La route est longue qui conduit de la suffisance du « bon catholique » qui « remplit ses devoirs », lit un « bon journal », vote « bien », etc., mais pour le reste fait comme il lui plaît, jusqu’à l’abandon aux mains de Dieu, dans la simplicité de l’enfant et l’humilité du publi-cain. Mais celui qui a fait une fois un pas dans cette voie ne reviendra pas en arrière.

Ainsi la vie filiale en Dieu consiste à devenir à la fois petit et grand. Vivre de l’Eucharistie nous contraint à sortir totalement des étroites limites de notre vie personnelle pour nous enraciner et nous faire croître dans toutes les dimensions de la vie du Christ.

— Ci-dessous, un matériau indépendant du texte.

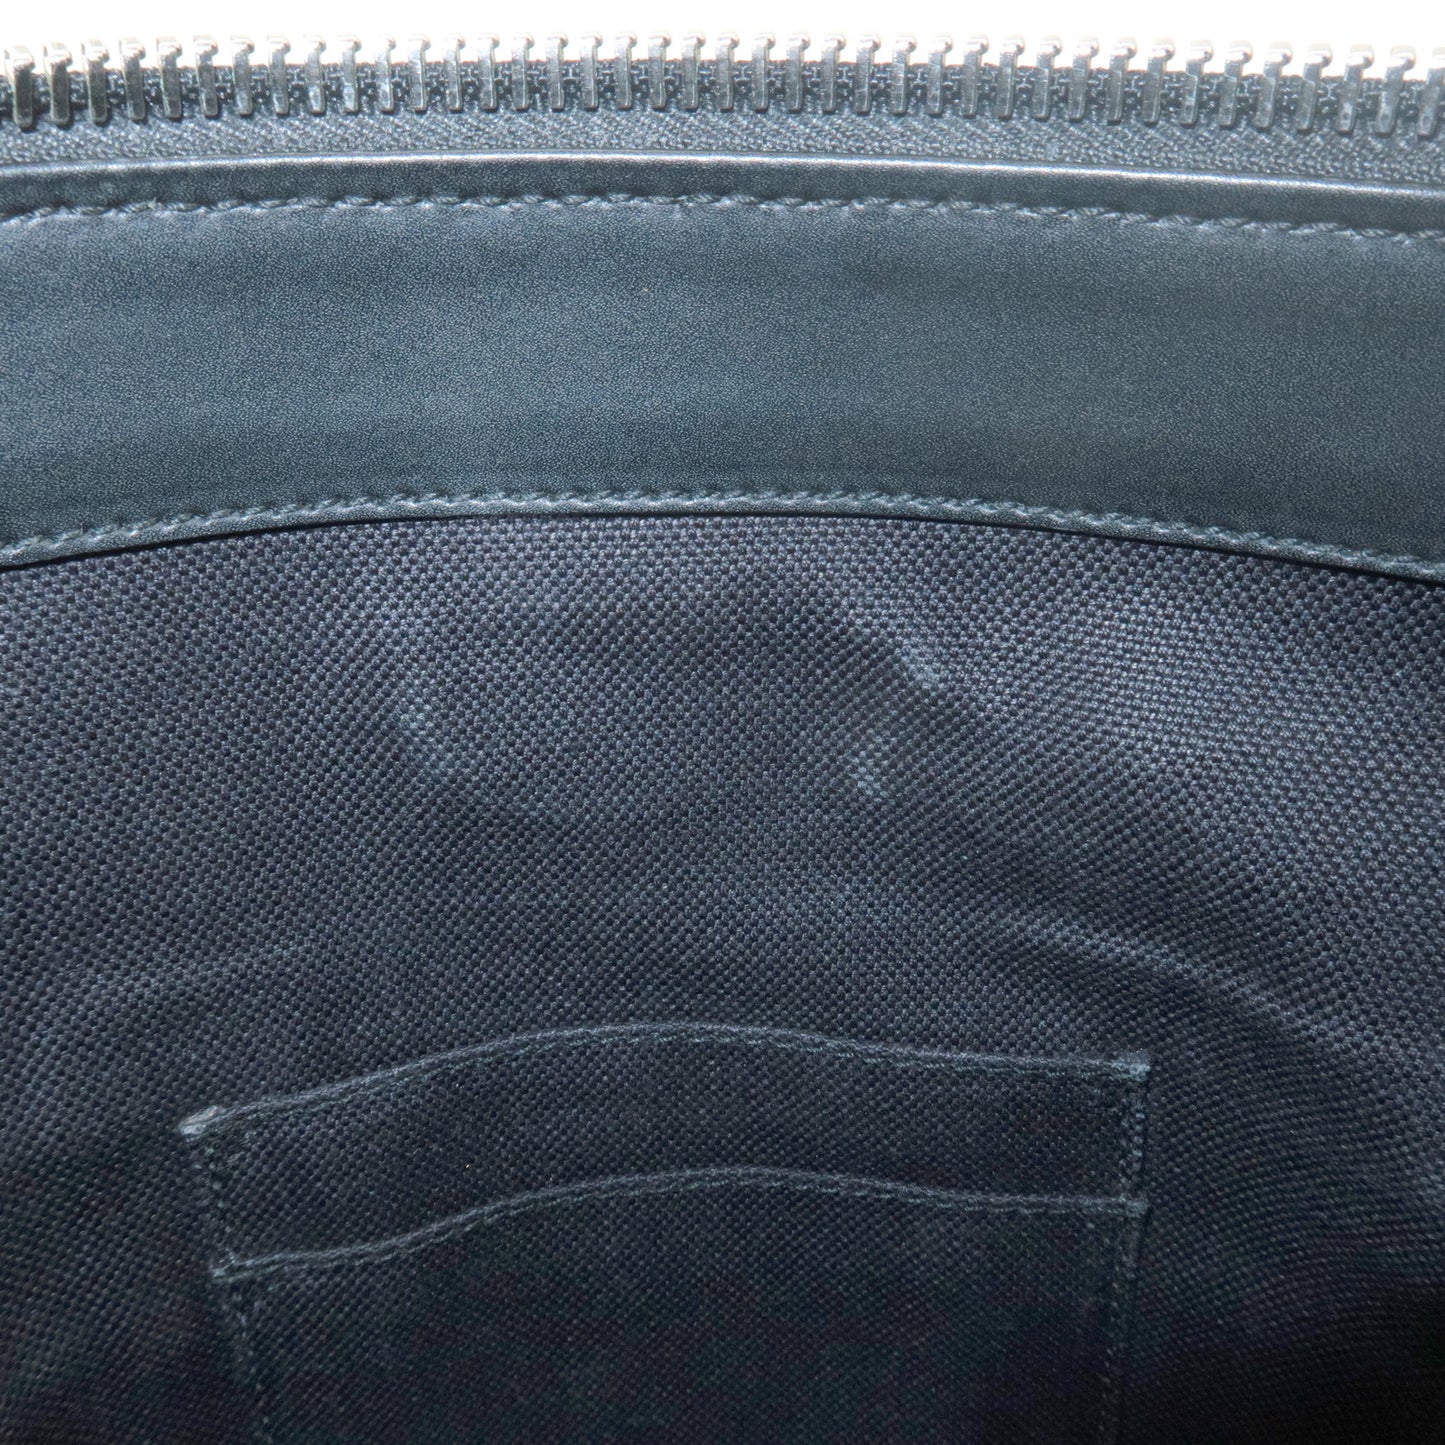 GUCCI Sherry GG Supreme Leather Shoulder Bag Black 474137

Qui visite le Seigneur dans sa maison ne l’entretiendra pas toujours de sa propre personne, ni de ses affaires, mais s’intéressera d’abord aux choses de Dieu. Participer chaque jour au Saint-Sacrifice nous entraîne comme à notre insu dans le courant de la vie de l’Église. Les prières et les rites de l’autel, tout au long du cycle liturgique, nous montrent l’histoire du salut et nous en donnent une intelligence toujours plus profonde. L’action sacrificielle nous imprègne toujours davantage du mystère central de notre foi, pivot de l’histoire du monde, mystère d’Incarnation et de Rédemption. Comment assister au Saint-Sacrifice avec un esprit et un cœur ouverts sans être pénétrés de sa finalité, sans être saisis du désir d’engloutir notre petite vie personnelle dans la grande œuvre du Rédempteur.

Les mystères du christianisme sont un tout indivisible. En aborder un seul c’est les aborder tous. Ainsi, le chemin de Bethléem nous entraîne-t-il irrésistiblement vers le Calvaire, de la Crèche à la Croix.

Quand la Très Sainte Vierge porta l’Enfant au Temple, il lui fut prédit qu’une épée transpercerait son âme, que son fils était donné pour la chute et la résurrection d’un grand nombre, et comme un signe de contradiction ! Annonce de la souffrance, du combat entre la lumière et les ténèbres qui déjà s’était manifesté à la Crèche.

Il arrive, en certaines années, que la Chandeleur, fête du cycle de l’Incarnation, et la Septuagésime, prélude de la Passion, tombent presque en même temps. Dans la nuit du péché rayonne l’étoile de Bethléem. Sur l’éclat de la lumière qui émane de la Crèche, tombe l’ombre de la Croix. La lumière s’éteint dans les ténèbres du vendredi saint, mais pour surgir plus rayonnante encore, soleil de miséricorde, à l’aube du troisième jour.

La voie du Fils de Dieu fait Homme, par Gethsemani et le Golgotha, conduit au triomphe de Pâques.

Avec le Fils de Homme, à travers la souffrance et la mort, notre cheminement, celui de toute l’humanité, aboutit aussi à la gloire de la Résurrection.